On March 4, 2015 the Company issued an unsecured convertible loan of $2,275, non-interest bearing, due on demand and convertible into Common Stock at a rate $0.002 per share, from BK Consulting, to fund operations. 


On April 14, 2015 the Company issued an unsecured convertible loan of $1,250, non-interest bearing, due on demand and convertible into Common Stock at a rate $0.002 per share, from BK Consulting, to fund operations. 


On April 30, 2015 the Company issued an unsecured convertible loan of $1,950, non-interest bearing, due on demand and convertible into Common Stock at a rate $0.002 per share, from BK Consulting, to fund operations. 

On July 15, 2015 the Company issued an unsecured convertible loan of $2,635, non-interest bearing, due on demand and convertible into Common Stock at a rate $0.002 per share, from a major shareholder, BK Consulting, to fund operations.
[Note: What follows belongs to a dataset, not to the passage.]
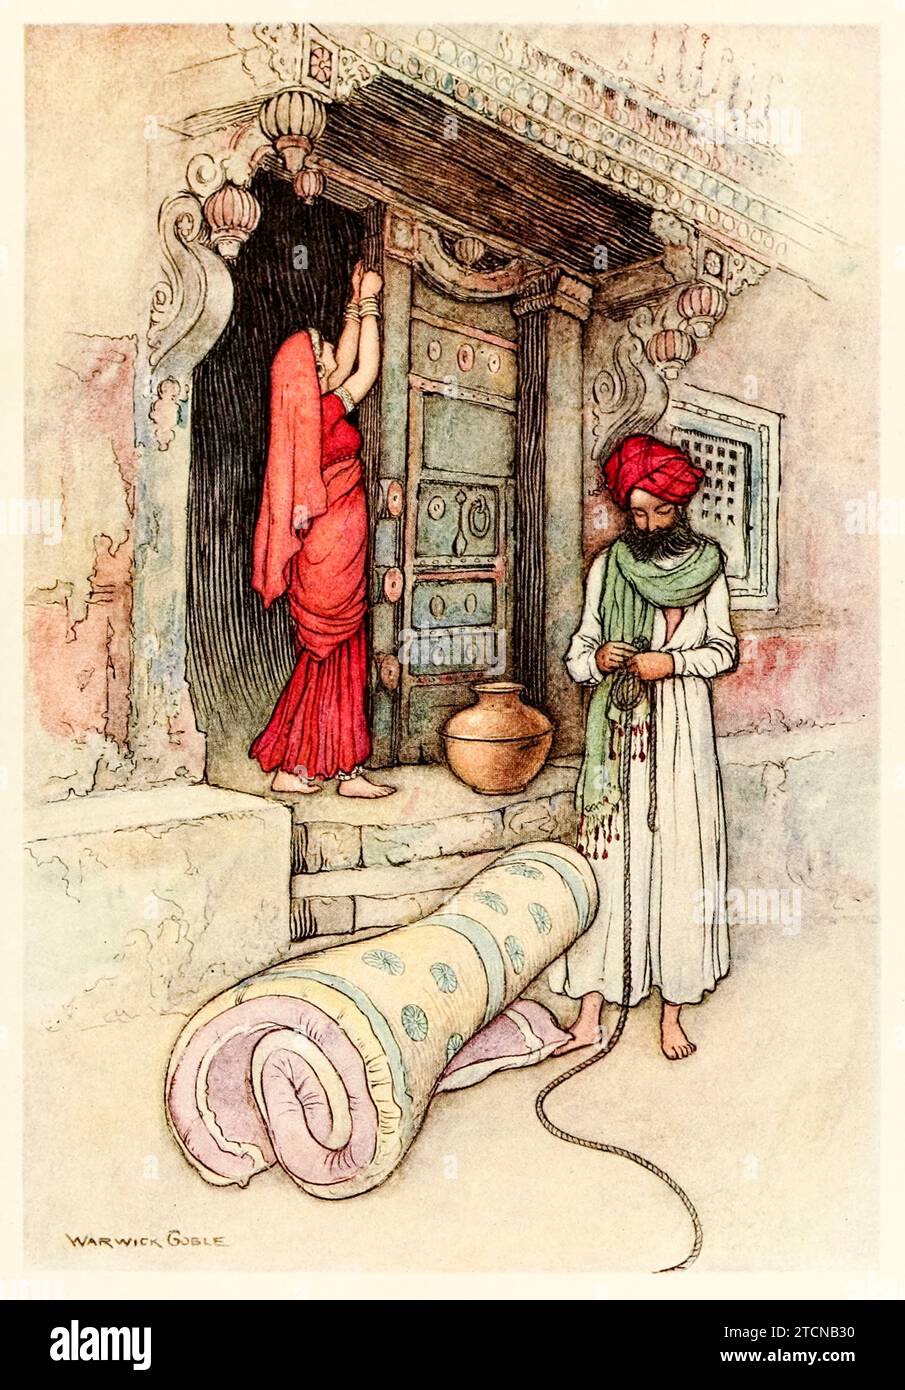 „Dann machen sie sich auf den Weg“ aus „Folk-Tales of Bengal“ von Lal Behari Day (1824-1882), Illustration von Warwick Goble (1862-1972). Foto aus einer Ausgabe von 1912. Kredit: Privatsammlung / AF Fotografie Stockfoto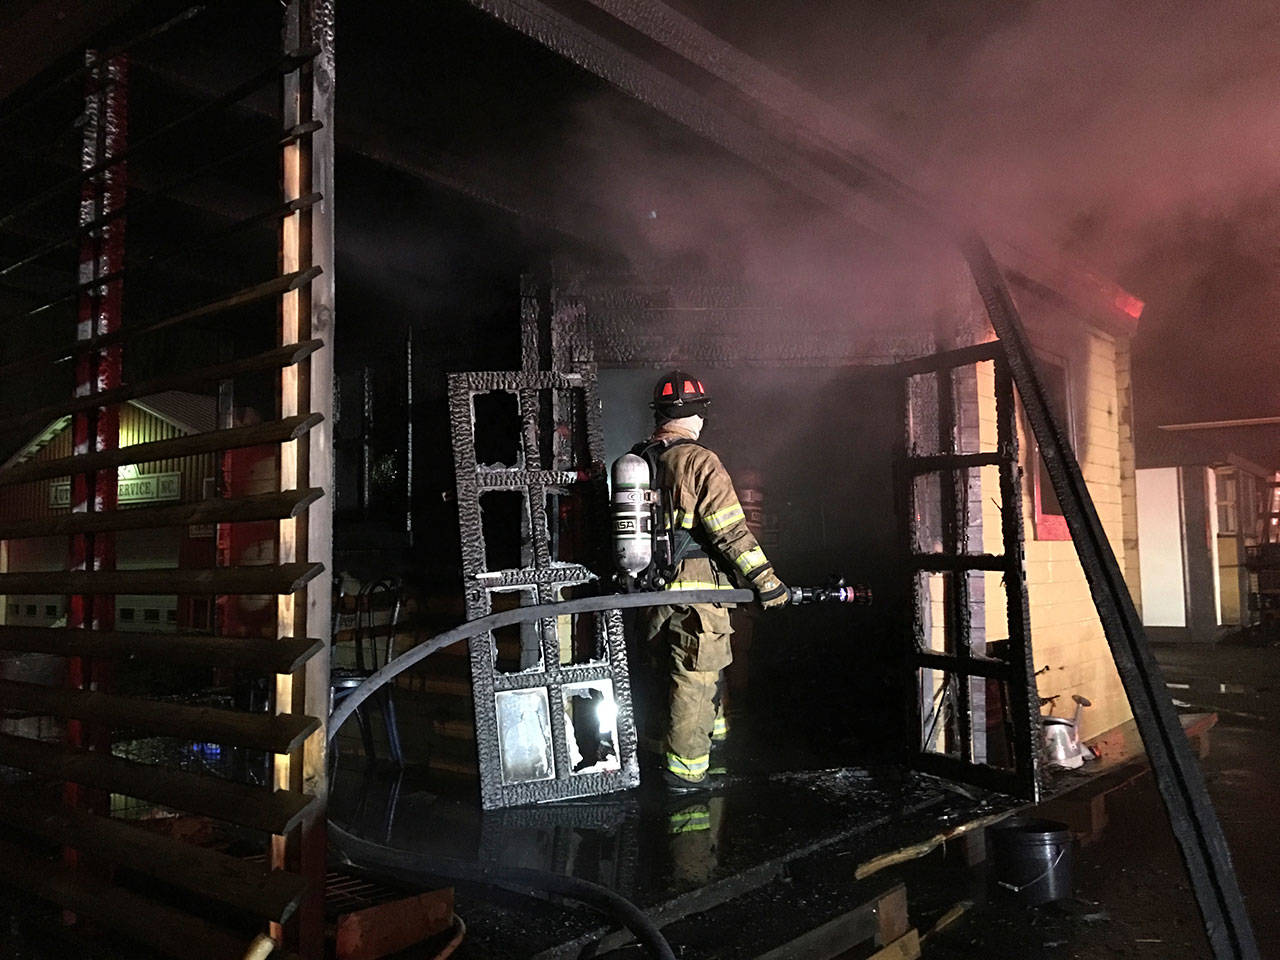 East Jefferson Fire-Rescue fights an early morning blaze in Port Townsend on Wednesday. (Bill Beezley/East Jefferson Fire-Rescue)

On July 17, 2015 the Company issued an unsecured convertible loan of $1,250, non-interest bearing, due on demand and convertible into Common Stock at a rate $0.002 per share, from a major shareholder, BK Consulting, to fund operations.

On July 29, 2015 the Company issued an unsecured convertible loan of $2,073, non-interest bearing, due on demand and convertible into Common Stock at a rate $0.002 per share, from a major shareholder, BK Consulting, to fund operations.

As of August 31, 2015 and August 31, 2014 the balance of the convertible debt was $38,543 and $15,668.  The Company records imputed interest on all outstanding convertible notes at a rate of 8%.  The Company recorded imputed interest in the amount of $2,139 and $1,319 during the year ended August 31, 2015 and 2014.

Discounts on Convertible Notes Payable

The Company calculates any beneficial conversion feature embedded in its convertible notes via the intrinsic value method.  The conversion feature was considered a discount to the notes, to the extent the aggregate value of the conversion feature did not exceed the face value of the notes.  These discounts are amortized to interest expense through earlier of the term or conversion of the notes.  During the year ended August 31, 2015 and 2014 the Company recorded debt discounts in the amount of $22,876 and $22,643.  During the year ended August 31, 2015 and 2014 the Company amortized debt discounts to interest expense in the aggregate amount of $22,876 and $22,643. 

Change in Management

On December 15, 2010, the former CEO, Robert Timothy, resigned as from the Board of Directors and his position as CEO, and appointed Gerald Ricks as the Chairman of the Board of Directors and CEO.

On December 30, 2010, the Board of Directors dismissed Ronald Schurman as Secretary and Treasurer and appointed Vincent Kelly to the Board and positions of Secretary and Treasurer.

On December 31, 2010, the Board of Directors appointed James Hughes to the Board of Directors.